_EXERCISE BRIEF_. Without the pictures, set down every line of the data exactly.

_SUPPLIED MATERIAL_.
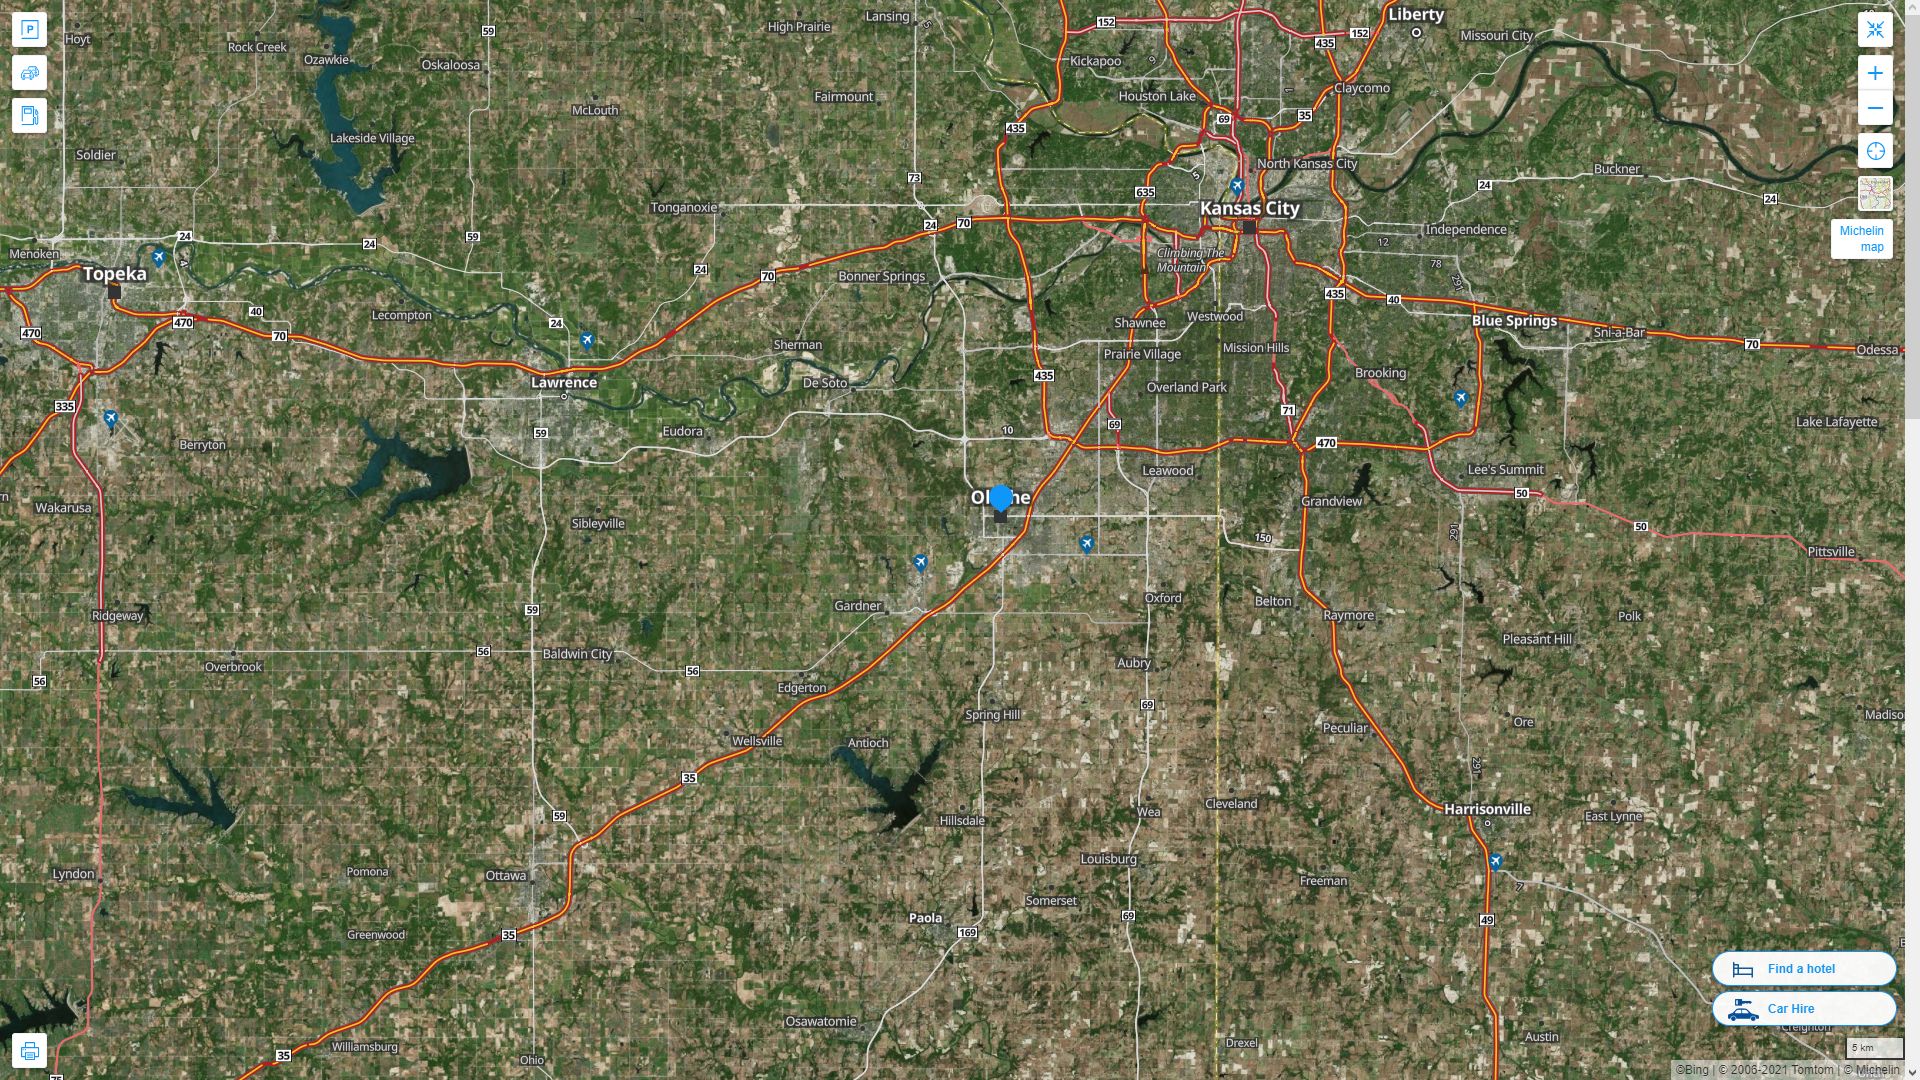 Olathe Kansas Highway and Road Map with Satellite View
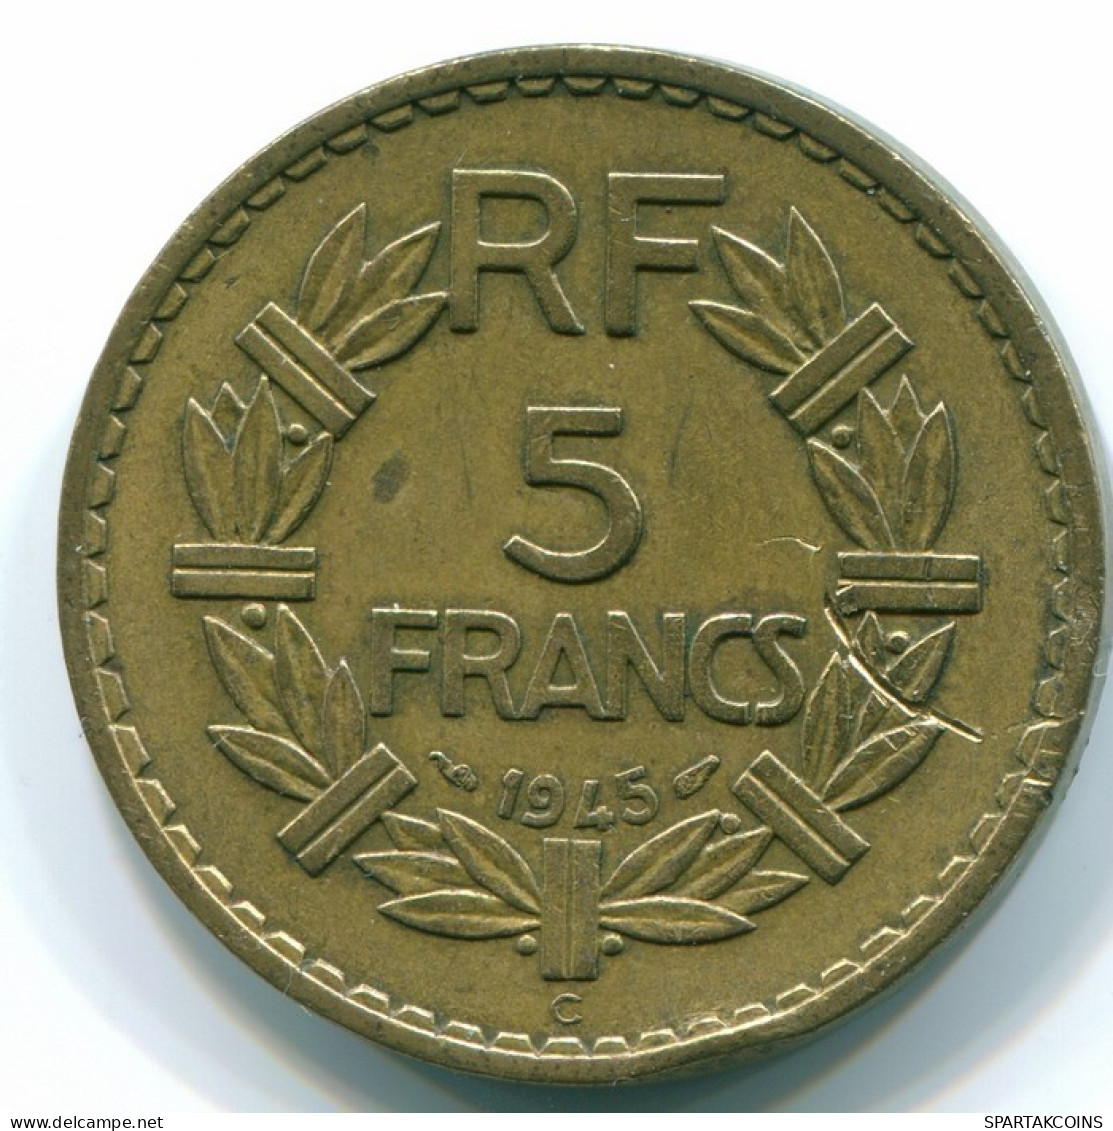 5 FRANCS 1945 FRANKREICH COLONIAL FOR USE IN AFRICA Lavrillier VF+ #FR1019.29.D.A - 5 Francs
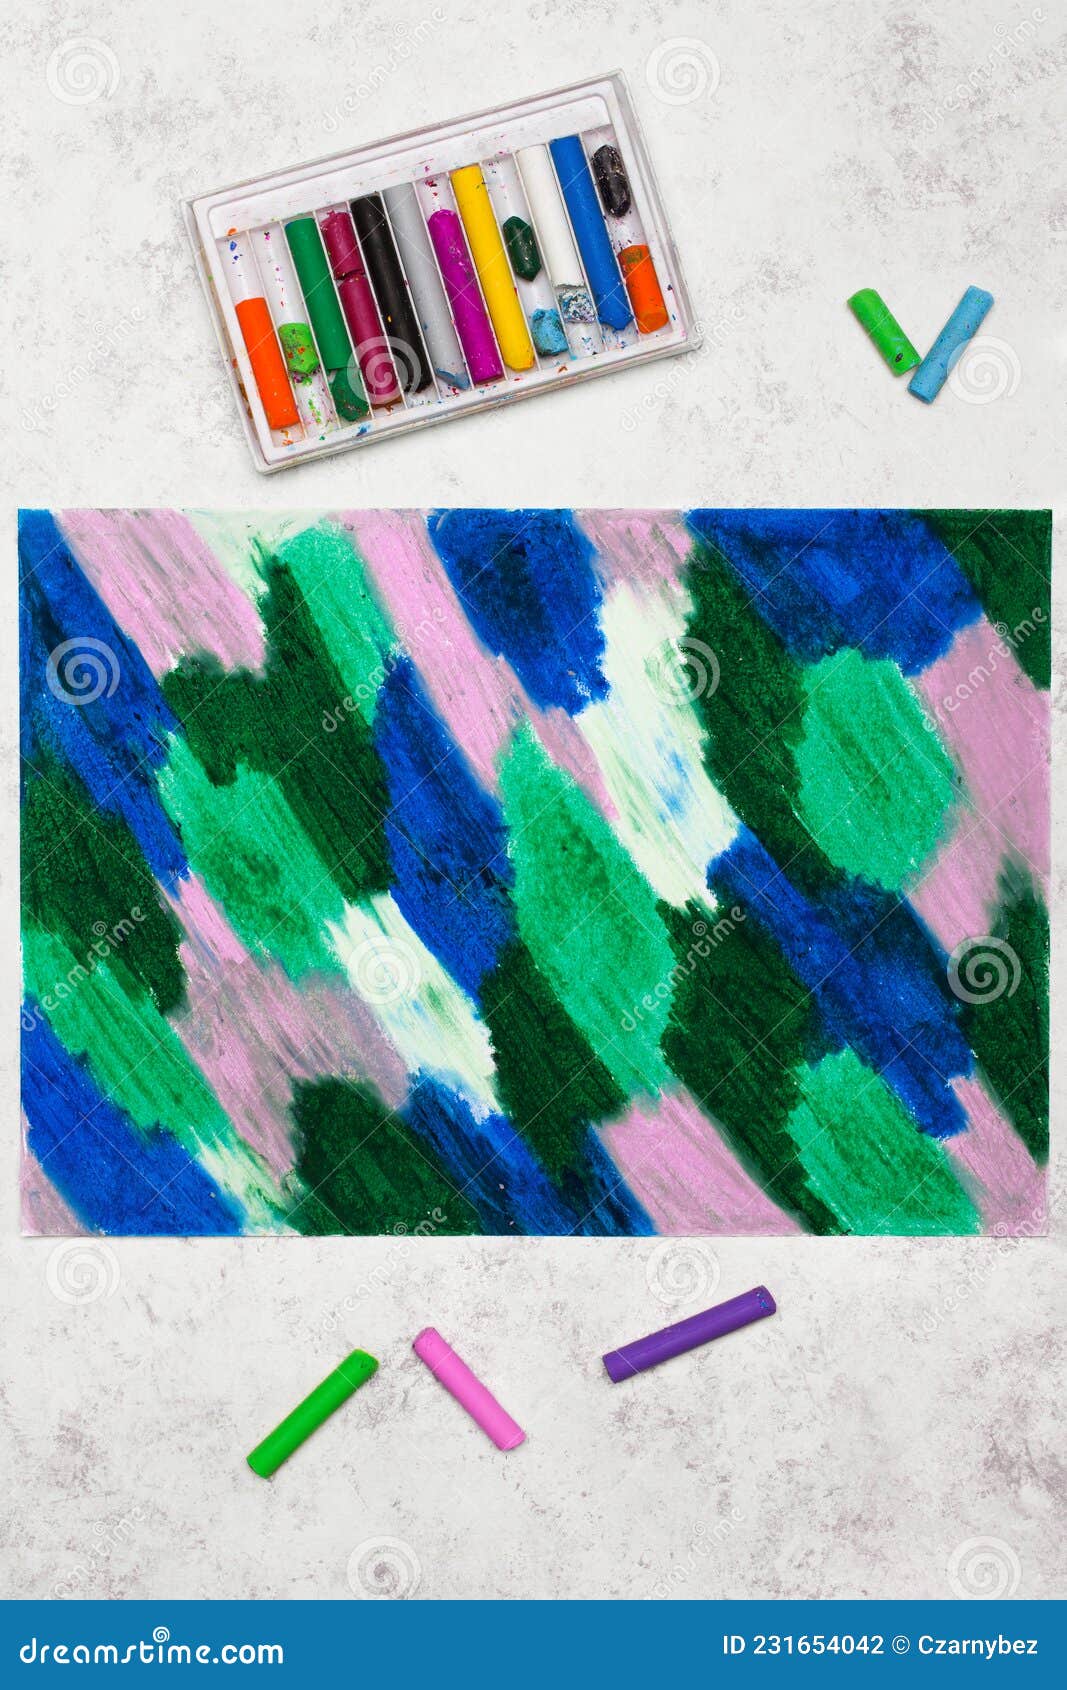 Oil pastel crayons Stock Photo by ©shirotie 63371203

_ANSWER SECTION_.
 Olathe Kansas Highway and Road Map with Satellite View
 5 FRANCS 1945 FRANKREICH COLONIAL FOR USE IN AFRICA Lavrillier VF+ #FR1019.29.D.A - 5 Francs
 Oil pastel crayons Stock Photo by ©shirotie 63371203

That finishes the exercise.